When he spoke to his family by phone, his mother revealed that the Sri Lankan army had interrogated them at the internment camp about his whereabouts.
“My mother said that she was really happy to hear my voice, but please don’t call again because we have said that you don’t exist here and we might get into trouble if they trace you,” he explained, “My mother has already been subjected to torture by the Sri Lankan government. They had been looking for me and this put her in more trouble. My mother said please don’t come here, because if you come here, they will torture and kill you under our eyes and they will also torture us.”
However, Bahrathi has been informed that his case for asylum in Australia has been rejected. A spokesman for the Australian Department of Immigration said that: “All asylum applications are processed against migration law with all available information,” but declined to give reasons for the rejection.
Following his election in January this year, Mahinda Rajapaksa, the President of Sri Lanka, has focussed efforts on developing the economy, but his government has failed to address the grievances of minorities, including Tamil and Muslim communities, with a political solution.

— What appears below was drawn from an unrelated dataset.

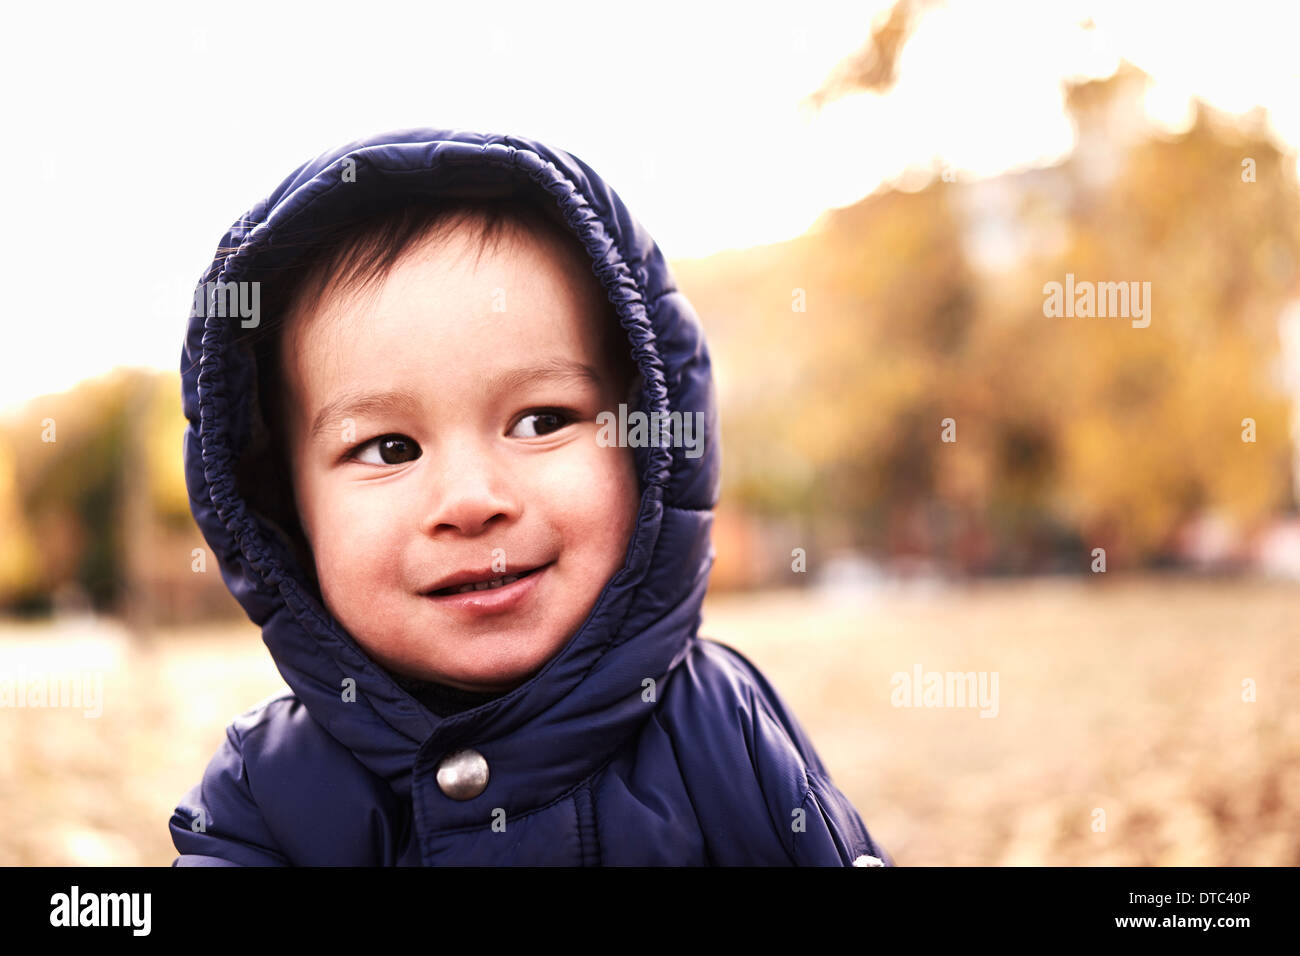 Ritratto di bambino in giacca con cappuccio Foto Stock

According to the International Crisis Group: “Rajapaksa’s post-war policies have deepened rather than resolved the grievances that generated and sustained LTTE militancy,” “All ethnic communities are suffering from the collapse of the rule of law” and “Impunity for abuses by state officials continues…”
In September Amnesty International criticised the actions of the Australian and Sri Lankan governments after three Sinhalese men, Sumith Mendis, Indika Mendis and Lasantha Wijeratne, who had sought asylum in Australia and were subsequently deported in 2009, were arrested, tortured and jailed on their return to Sri Lanka. In October, three Tamil asylum seekers who voluntarily returned to Sri Lanka from Indonesia were also arrested and their families have no knowledge of their whereabouts.
With the State of Emergency Rule and Prevention of Terrorism Act (PTA) in the country giving police and security forces broad powers to arrest and torture with impunity, Bahrathi made a plea to Australia.
“If you are not able to accept us as refugees, at least give us a mercy death here, rather than send us back to get tortured and die and our families getting affected by that.”
NB: Bahrathi’s real name has been changed to protect his safety and that of his family.